2012 Days of Caring
Madison, Wis. – Nearly 200 UW Health employees devoted their time and energy to helping 12 area non-profit agencies during “Days of Caring" the week of August 20-24.
Volunteer activities included:
• A work day at a Habitat for Humanity site
• Accompanying residents of the Oak Park Place community to the Henry Vilas Zoo
• Painting the Community Action Coalition for South Central Wisconsin, Inc. building
• Clearing brush in the Cross Plains Ice Age Trail Scientific Reserve and Prairie Moraine County Park
• Maintenance tasks at the Henry Vilas Zoo
• An Olbrich Gardens tour with Oakwood Village University Woods retirement community residents
• Preparing the Middleton Outreach Ministry’s new facility for the hungry and homeless
• Processing food donations to the Second Harvest Foodbank of Southern Wisconsin
• Mentoring a child whose parent is incarcerated through the United Way of Dane County’s Mentoring Connection program
• Building a natural playground at the Kennedy Heights Community Center
Director of clinic operations Deb Brausen spent an afternoon at Henry Vilas Zoo with Oak Park Place residents and forged an immediate bond based on, ironically, a mutual distaste for one of the zoo's offerings.

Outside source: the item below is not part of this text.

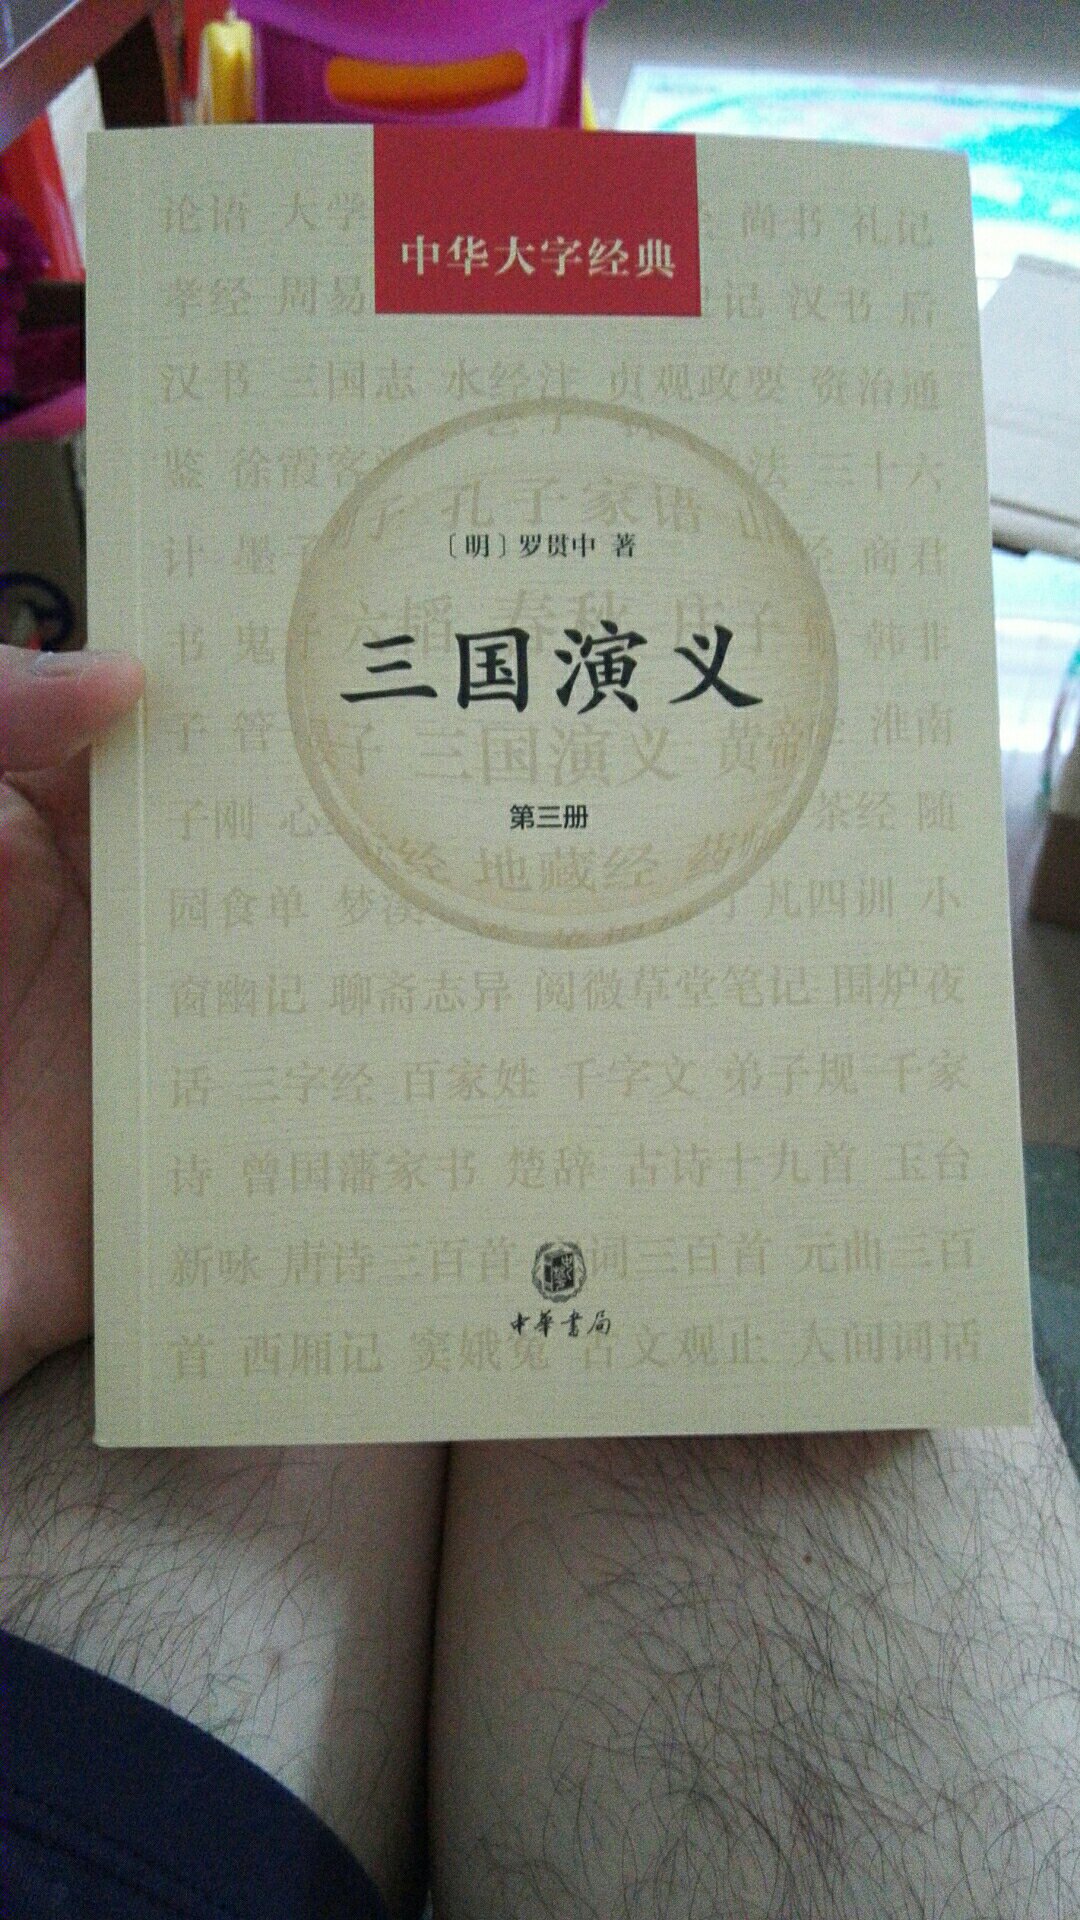 买来给小朋友看，也算是收藏。中华书局出品的大字版，字非常大，看起来很舒服。

"My resident told me, 'I hate the snakes. Don’t take me by the snakes.' I told her we'll make a great pair," Brausen said. "I enjoyed every single second of it."
Brausen made special mention of the UW Medical Foundation allowance that permitted her to take four hours during a working day for the Vilas tour.
"It gave me the ability to leave work and help out with a cause that was already organized, which made it so convenient," Brausen said, adding that her team all took advantage of the policy. "We rescheduled our normal meetings so everyone could attend."
Reporting project analyst Kaitlyn Buol worked with children whose parents had been incarcerated at the Mentoring Connection Picnic, devoting an afternoon to fishing, arts and crafts, sports and storytelling. For Buol, the mentoring session wasn't her first.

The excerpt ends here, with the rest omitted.